# Shooting ETTL with a A7III camera



## Djwaas (Mar 3, 2019)

Hi guys!

My gear is the following: Sony a73 (Camera) + Godox TT685S (Speedlight) + Godox XProS TTL (Wireless flash trigger)

I use flash in my portrait photography all the time.

In dark environment, sometimes the flash output is too strong, even at minimal power (1/256), and my subject is overexposed.
Especially when I put the flash close to my subject's face, because I want soft light or because the location is small (i.e. staircase).
Of course, I can use a lower aperture, but I will lose the ambient light + Bokeh, and the location disappears from the final picture.

Then I was excited to learn that you can lower the lumens output in most ETTL speedlights by switching to ETTL mode.
But.. The output is insanely unreliable! I figured that's the case because ETTL relies on my camera metering, and my metering changes during the course of the shooting.
If the model has white skin, and dark hair, dark eyes, and a black dress, and she's sitting on a white piano, then my flashlight goes simply crazy: One photo is insanely overexposed, The following is too dark.. etc..

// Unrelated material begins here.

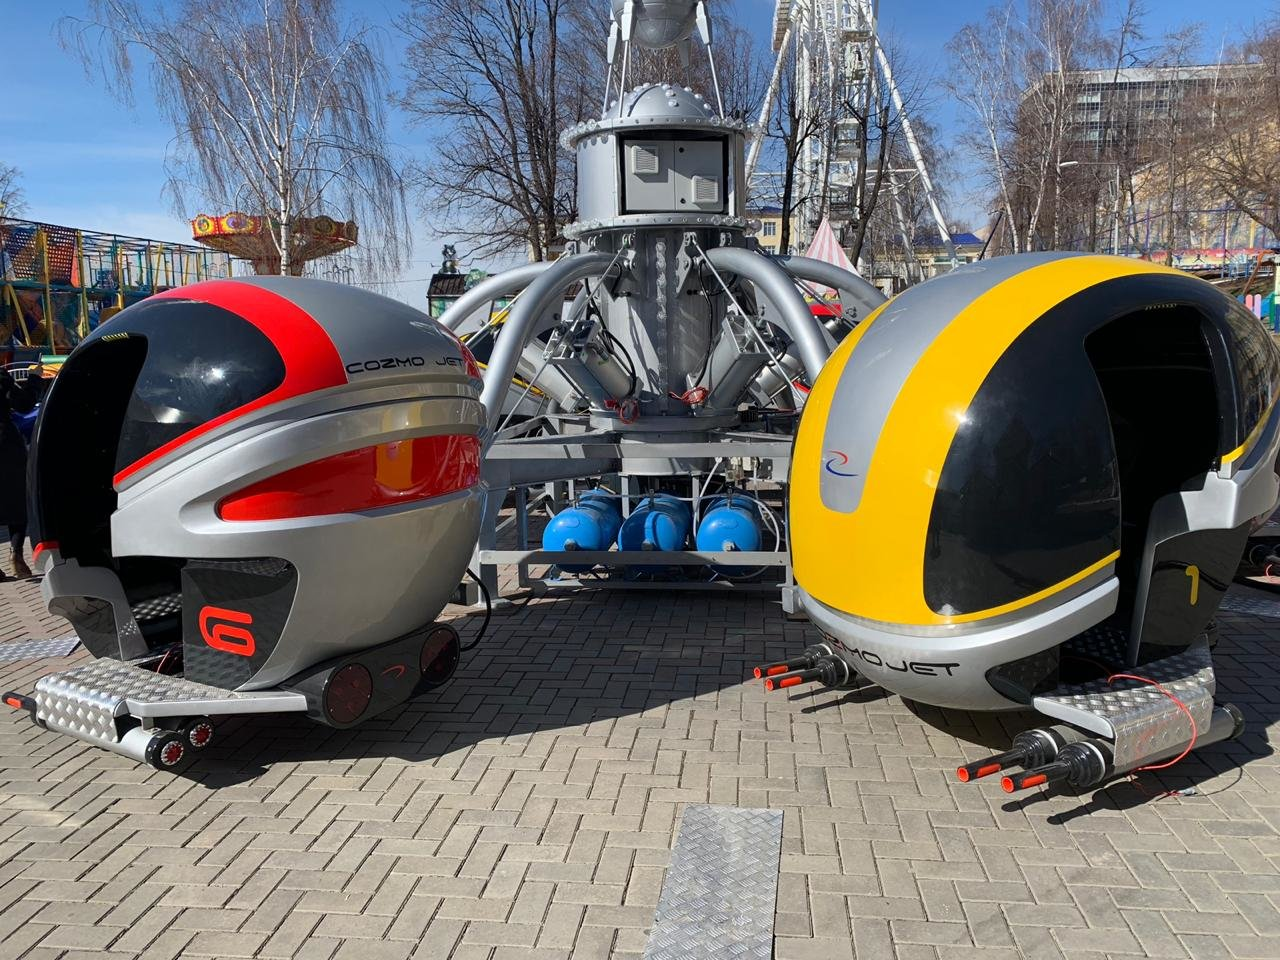 В Летнем саду начнет работу уникальный аттракцион — космические капсулы Cozmo Jet, фото-1

I listed the parameters that might influence the ETTL output of my flashlight:
A - Metering mode (Spot or Multi)
B - Am I holding the AEL lock button before pressing the shutter? (ON or OFF)
C - Eye-Focus Mode (ON or OFF)
D - Face Priority in multi-metering (ON or OFF)
E - Focus Point link (ON or OFF) (metering is done where you position your focus point) (Menu, tab1 page 10/14)
F - Face Priority in AF (ON or OFF)

I tried so many combinations, but I still can't figure out how to get in a confident way, just the right amount of light out of my flash.

MAIN QUESTION: Anyone figured a workflow/settings/way to get consistent and satisfying results?

Bonus question 1: Does anyone know how to switch the AEL button from "Hold" to "Toggle" mode, in order to press it only once for metering.
Bonus question 2: When the light output is just right, is there a way to tell my flash unit "repeat this output again"?
Bonus question 3: In the camera menu, the flash setting 'wireles flash ON/OFF' has no influence on my trigger and flash output. Why?

Thanks a lot!


----------



## rexbobcat (Mar 17, 2019)

I use a Godox flash with TTL and haven't had any issues getting correct exposures in club environments. Are you using a Sony brand flash? 

Also, having a subject/background that is high contrast is going to screw with your metering system regardless of your camera. In that situation I would probably switch to manual mode. I always use manual when shooting portraits anyways.


----------